Abstract. Convince the broadest possible audience that this is interesting
and important. In a few sentences, tell us what you did and what you conclude.
Bear in mind that most people considering whether to cite this paper will assume
that all the conclusions are present in the abstract. It is my impression that most citations, today, are based on reading just the abstract. The main measure used today for scientific impact is still the citation count. Thus, to some extent, like it or not, for assessment purposes, your scientific contribution is your abstract not the paper. So consider how well your abstract holds up on its own.
As noted above: Specify exactly what is the contribution of this paper. What will the reader believe after reading your paper that she didn't know before?
Introduction. The main purpose of the intro is to motivate the work (i.e. convince the reader that this question is sufficiently interesting to be worth reading about), but this is also where you credit what’s already been done by others, especially by potential reviewers. The intro typically takes the form of a historical review, but that’s more a pretext than a purpose. The purpose is to motivate and give credit. If you are not yet well-known in this field it may be important to the reviewers that you show awareness of the key papers in the field. You can get this list by scanning the introductions of other papers. You needn't praise. It's enough to cite.
Methods. It’s important that this be correct, complete,
and understandable. It should enable the reader to replicate your experiments.
The writing can be ugly and repetitive, but it must be complete.
How will you feel if someone fails to replicate your result uh oh! because
you omitted an important detail? It is usually skipped (or lightly skimmed)
in a first reading, and consulted later, to look up details. The dominant tradition is to place methods in the middle of the paper. Experienced readers skim or skip methods on a first reading. The high-impact journals tend to relegate methods to the end. I'm coming to think that all journals should do that, so we wouldn't have to skip. Methods belong at the end.
Results. Data. Graphs. The results text should
have a very plain style. “Just the facts, ma’m.” Only minimal interpretation
and comparison to other work. But do mention replication and inconsistencies
(real or merely apparent) with past work. Sometimes the empirical result
is more or less the conclusion of your paper. Sometimes that conclusion needs
a reasoned argument, which may appear here or in Discussion.
Discussion. Try to give the reader the big picture. Take a step back. Try to forget your stake in this and guide the reader through your garden, noting the various considerations, positive and negative, that seem relevant. Connect this work to that of others. Even distant connections help, as readers come from various places and it always helps to understand the connection, however distant, of what’s new to what’s familiar. However, the meandering connections, desirable as they are, are no substitute for a tight argument that forces the reasonable reader to accept your conclusions. Ultimately that’s the core of your contribution.

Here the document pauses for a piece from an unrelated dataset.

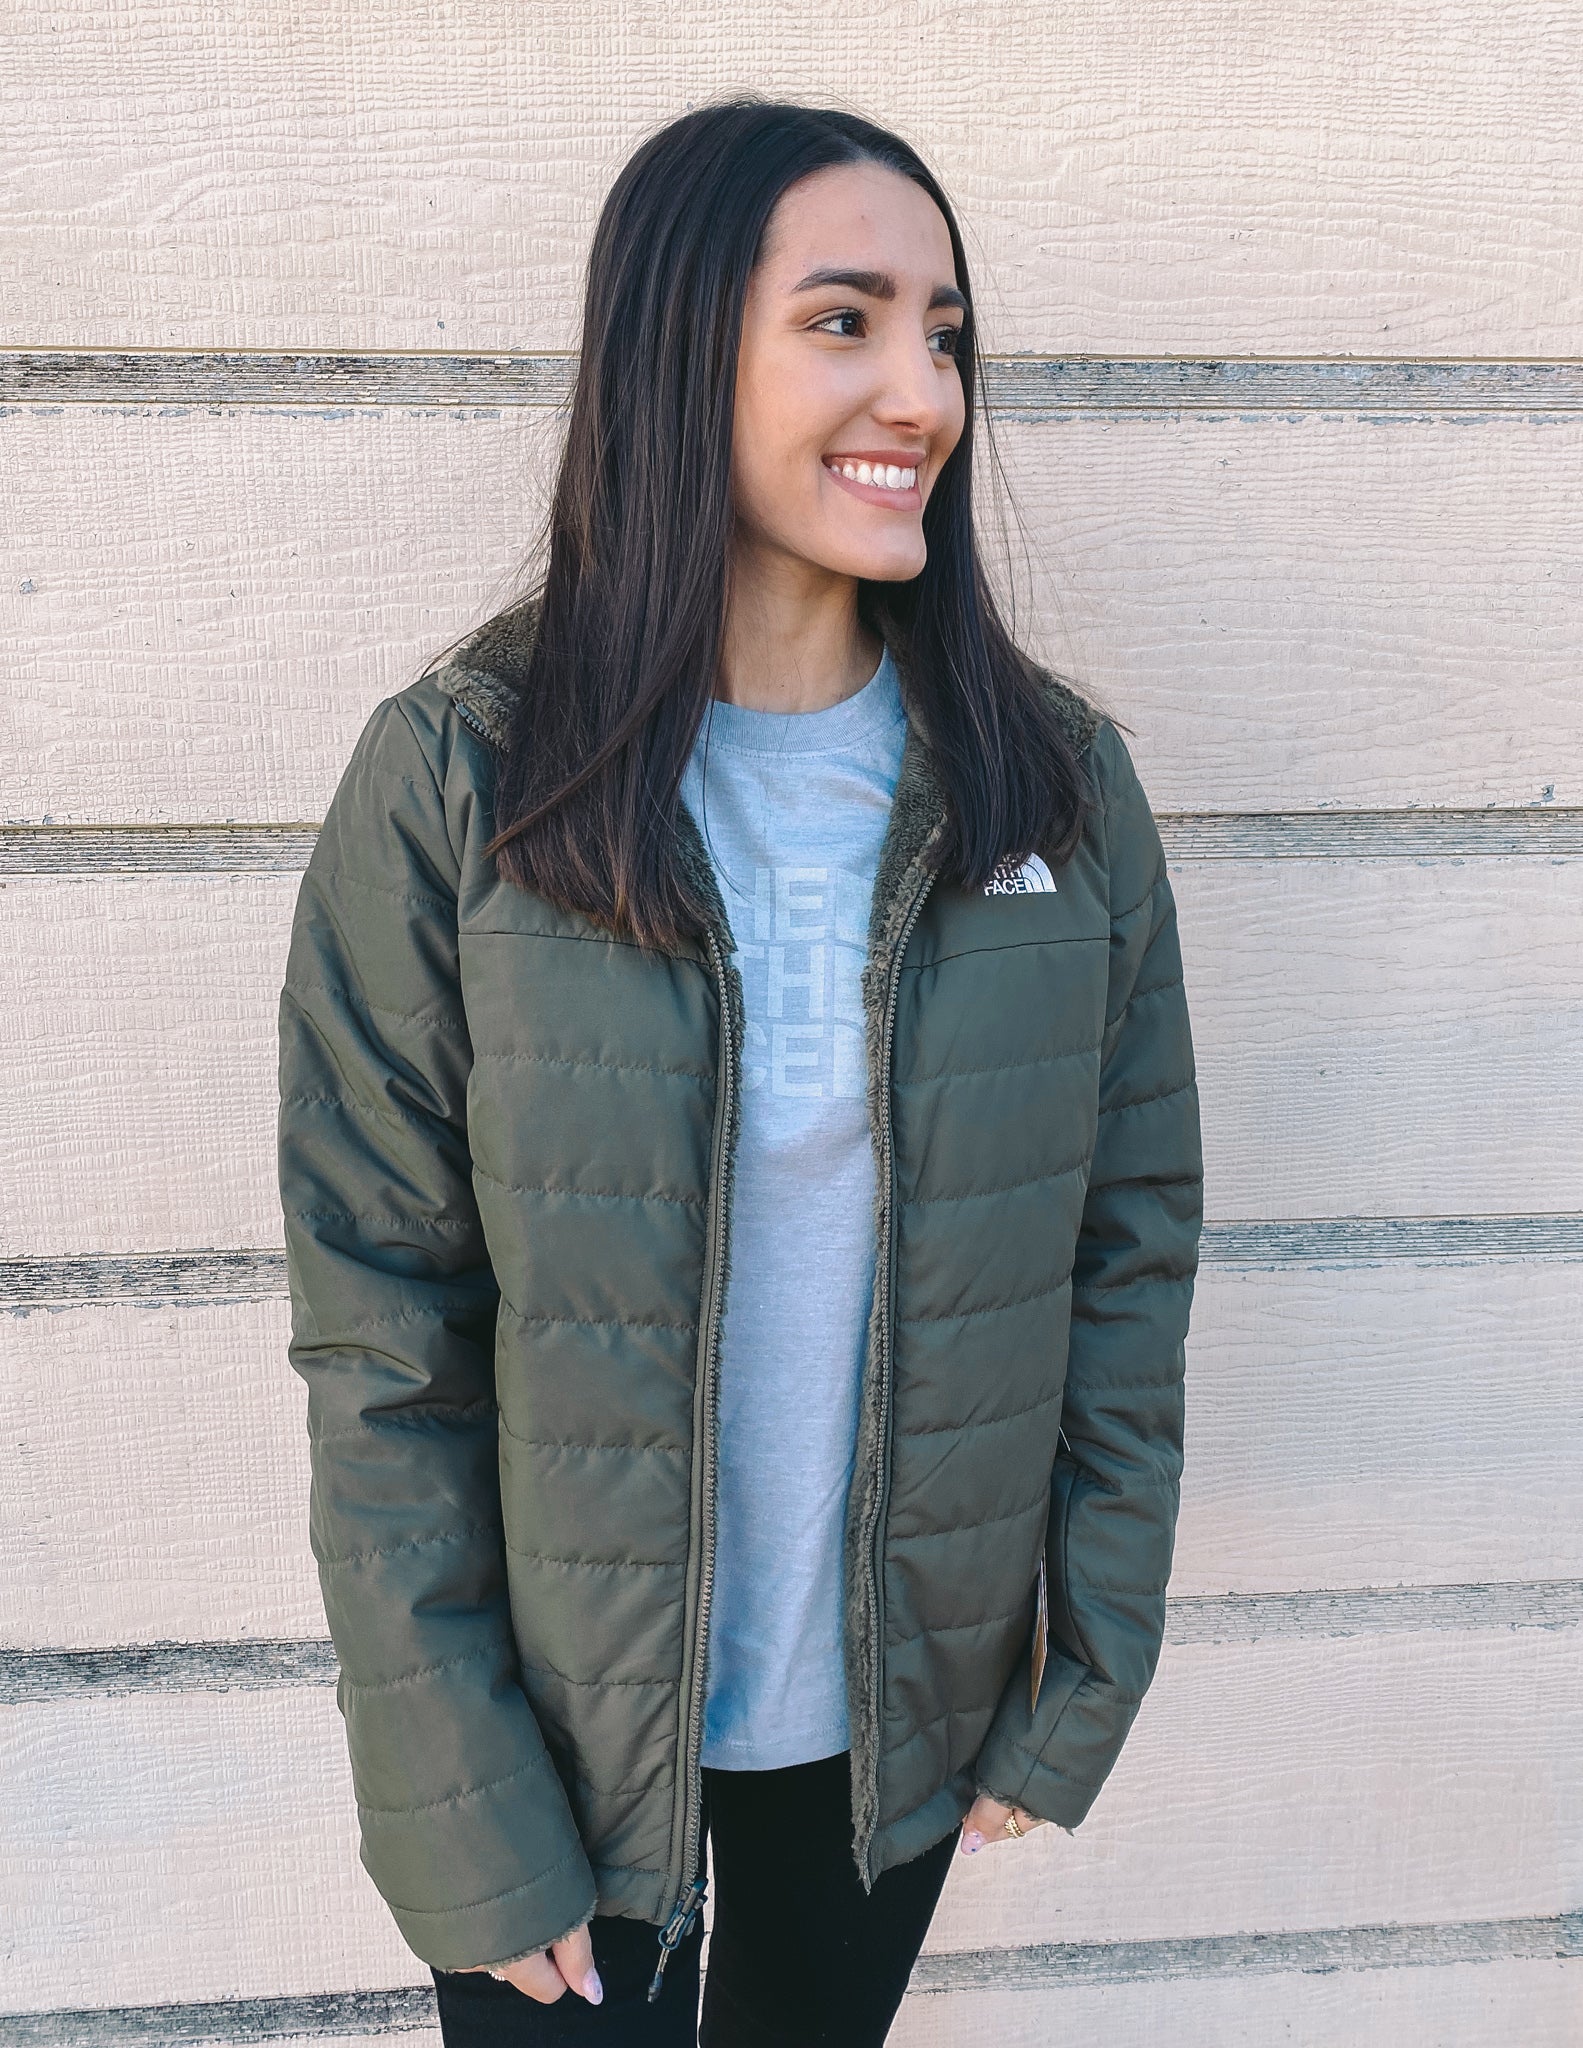 Women's Mossbud Insulated Reversible Jacket - The Benchmark

Conclusion. Most papers published in psychology
do not have a final section labeled “Conclusions”. My own view
is that it is rarely reasonable to publish a scientific paper without a conclusion,
and that it is helpful to draw attention to its presence by setting it off
in its own section. The conclusion should be short and as strong as you can
make it. I consider the conclusion to be the reader’s reward. This is where you deliver on the first item, above: What do I believe after reading your paper that I didn't know before reading it?
Acknowledgments. There’s a lot of freedom here, but try to be
concrete (what exactly was the contribution?) and flattering. People should
be glad to be thanked. If you can’t word it to achieve that effect then
don’t bring it
up. Specify what each author contributed to the paper (see Authors, above).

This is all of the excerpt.